Comentário: Conforme art. 47, art. 69 e art. 60, § 2º, da Constituição, respectivamente.

 

Questão (FMP/RS – PGE/AC – Procurador do Estado): Sobre as leis ordinárias e as leis complementares, pode-se afirmar:

I – Ambas têm o mesmo patamar normativo no âmbito da hierarquia das normas no entendimento do STF.

II – Uma das diferenças relevantes diz respeito à competência temática, pois as leis ordinárias são enumeradas na Constituição.

III – Considerando a ausência de algum(ns) parlamentares nas sessões deliberativas, a aprovação de uma lei complementar exige mais votos do que a aprovação de uma lei ordinária, porém as duas prescindem de sanção ou veto do Presidente da República.

Assim, está(ão) correta(s) a(s) afirmativa(s):

a) apenas a I

b) apenas a I e a II.

c) apenas a III.

d) apenas a II e a III.

Resposta: Letra A.

Comentário: A competência temática das leis ordinárias é residual, sendo enumeradas apenas as matérias de lei complementar, logo errado o item II da questão. Nenhuma das duas prescinde (ou dispensa) de sanção ou veto, devendo necessariamente passarem por deliberação do poder executivo, logo também errado o item III.

 

Questão (CESPE – DPE/CE – Defensor Público): Lei ordinária pode revogar lei complementar.

Resposta: Certo.

Comentário: Isso pode ocorrer quando uma lei complementar versar sobre matéria residual, que poderia ser disciplinada por lei ordinária. Por economia processual, essa lei complementar é válida. Porém, é considerada materialmente lei ordinária, o que quer dizer que pode ser revogada ou alterada por outra lei ordinária.

 

Questão (CESPE – TCU – Auditor Federal de Controle Externo): Embora leis complementares não sejam consideradas inconstitucionais pelo simples fato de veicularem matéria reservada a leis ordinárias, os dispositivos desse tipo de lei que não tratem de assunto próprio de lei complementar ficam sujeitos a modificações posteriores promovidas por lei ordinária.

Resposta: Certo.

Comentário: Ver comentários à questão anterior.

  

Questão (FCC – TJ/AP – Técnico Judiciário): Ao dispor sobre o processo legislativo, estabelece a Constituição da República que as leis complementares serão

a) de iniciativa privativa do Presidente da República.

b) aprovadas por maioria absoluta.

c) discutidas e votadas em cada Casa do Congresso Nacional, em dois turnos.

d) discutidas e votadas inicialmente no Senado Federal.

e) promulgadas pelas Mesas da Câmara dos Deputados e do Senado Federal.

Resposta: Letra B.

Comentário: Conforme art. 69 da Constituição.

 

Questão (CESPE – DPF – Delegado): A iniciativa das leis ordinárias cabe a qualquer membro ou comissão da Câmara dos Deputados, do Senado Federal ou do Congresso Nacional, bem como ao presidente da República, ao STF, aos tribunais superiores, ao procurador-geral da República e aos cidadãos.
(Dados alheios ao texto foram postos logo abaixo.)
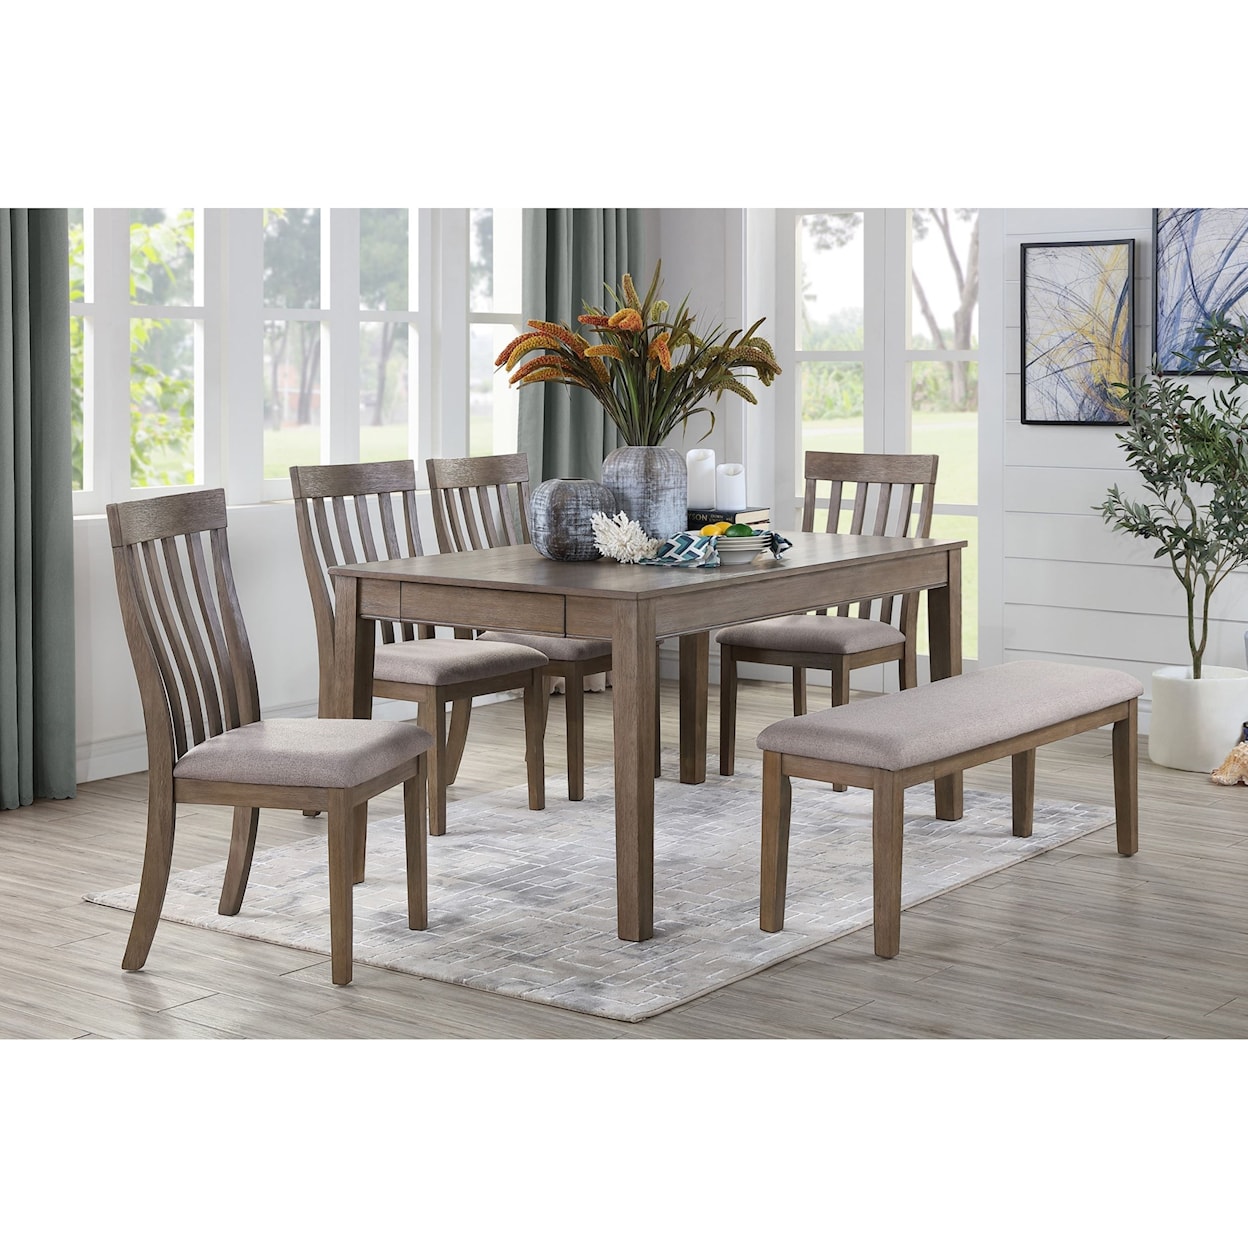 Homelegance Furniture Armhurst 6-Piece Table and Chair Set with Bench
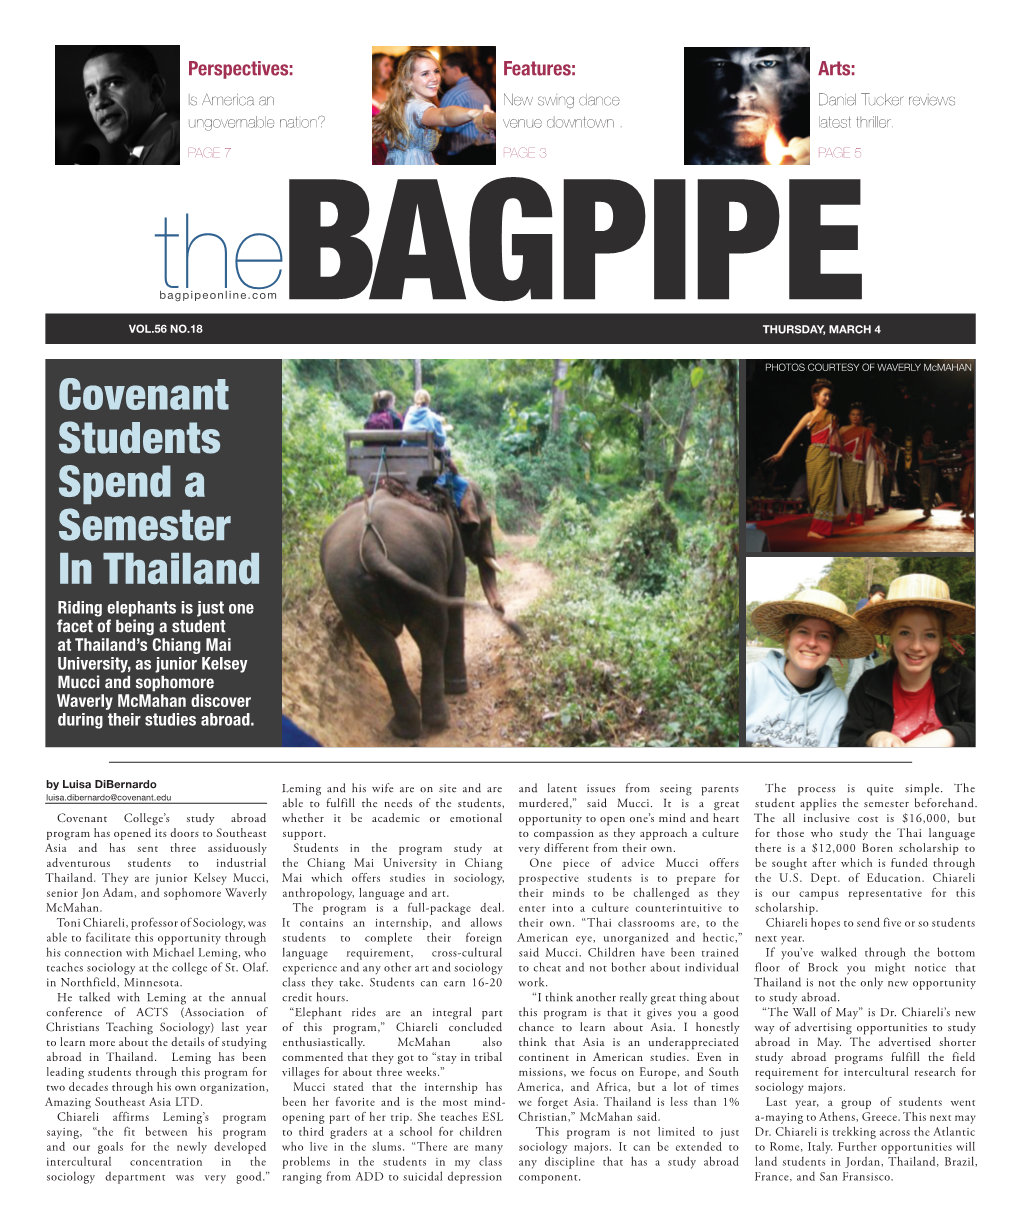 Covenant Students Spend a Semester in Thailand

No que tange às leis complementares, a CF não autoriza a iniciativa popular de lei.

Resposta: Errado.

Comentário: A iniciativa de lei complementar é garantida ao cidadão pelo art. 61, da Constituição, segundo o qual a “iniciativa das leis complementares e ordinárias cabe a qualquer membro ou Comissão da Câmara dos Deputados, do Senado Federal ou do Congresso Nacional, ao Presidente da República, ao Supremo Tribunal Federal, aos Tribunais Superiores, ao Procurador-Geral da República e aos cidadãos, na forma e nos casos previstos nesta Constituição”.